:: Description of the task ::
Find the line below with "鹏鲲-14年专注自动化喷涂设备生产" and the line with "Küche vor der Modernisierung". Output exactly those lines and everything between them, leaving out the pictures.

:: Data ::
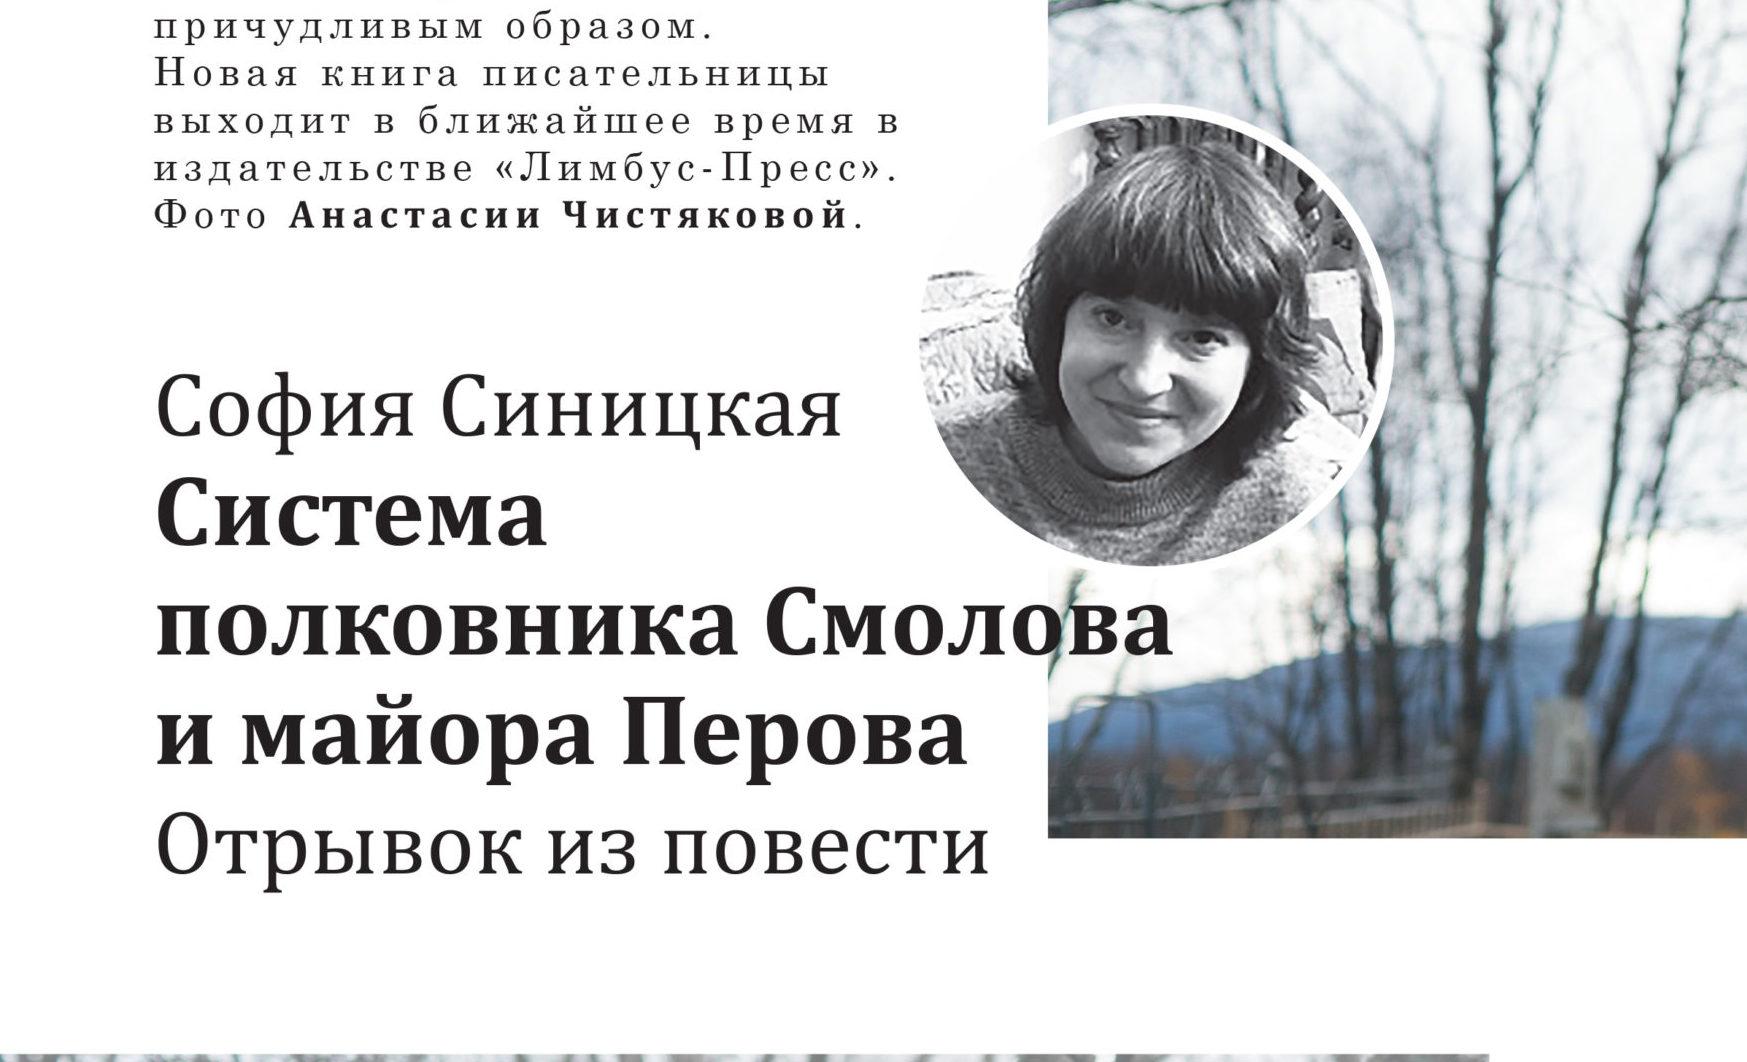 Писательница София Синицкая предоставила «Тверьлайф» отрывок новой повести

==

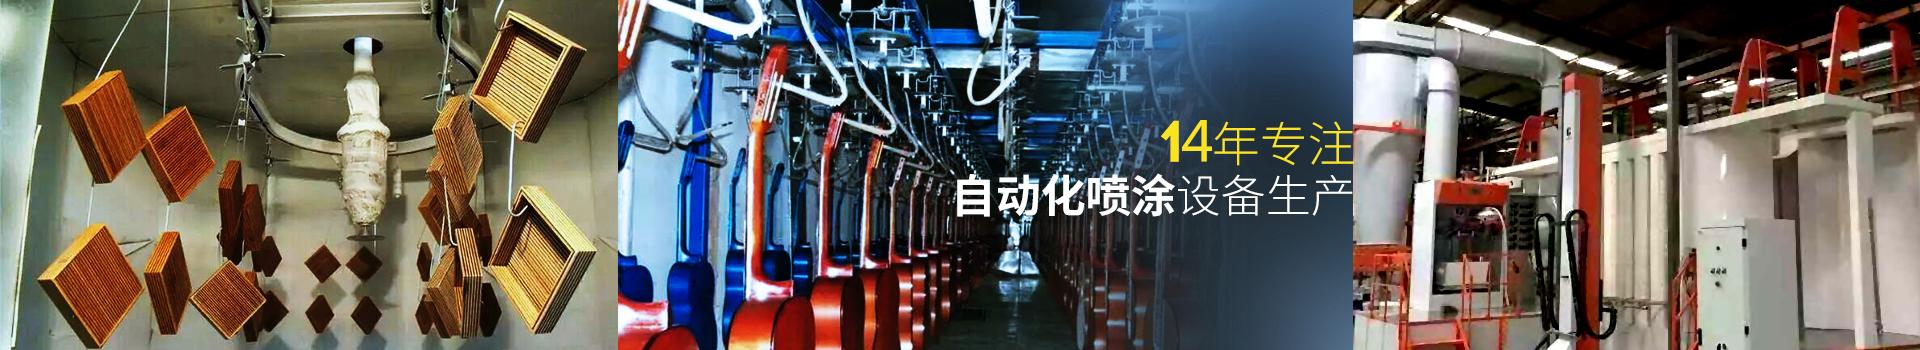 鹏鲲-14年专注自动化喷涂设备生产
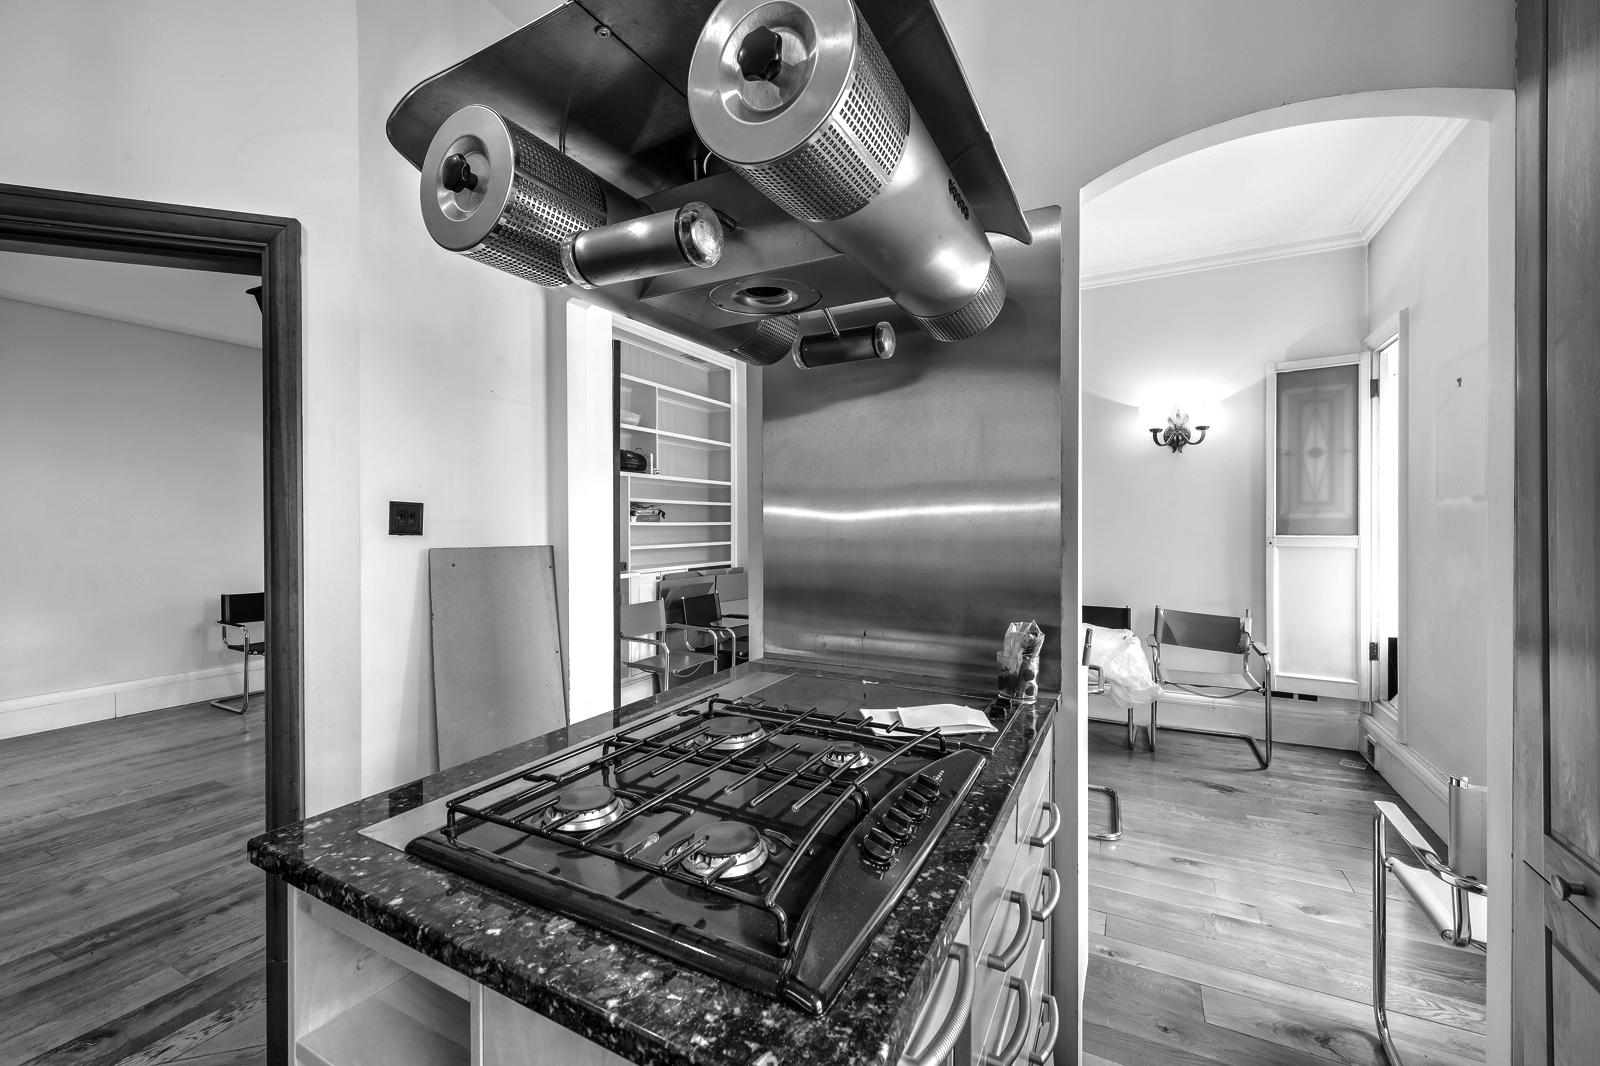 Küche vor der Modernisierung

:: Completed task ::
 鹏鲲-14年专注自动化喷涂设备生产
 Küche vor der Modernisierung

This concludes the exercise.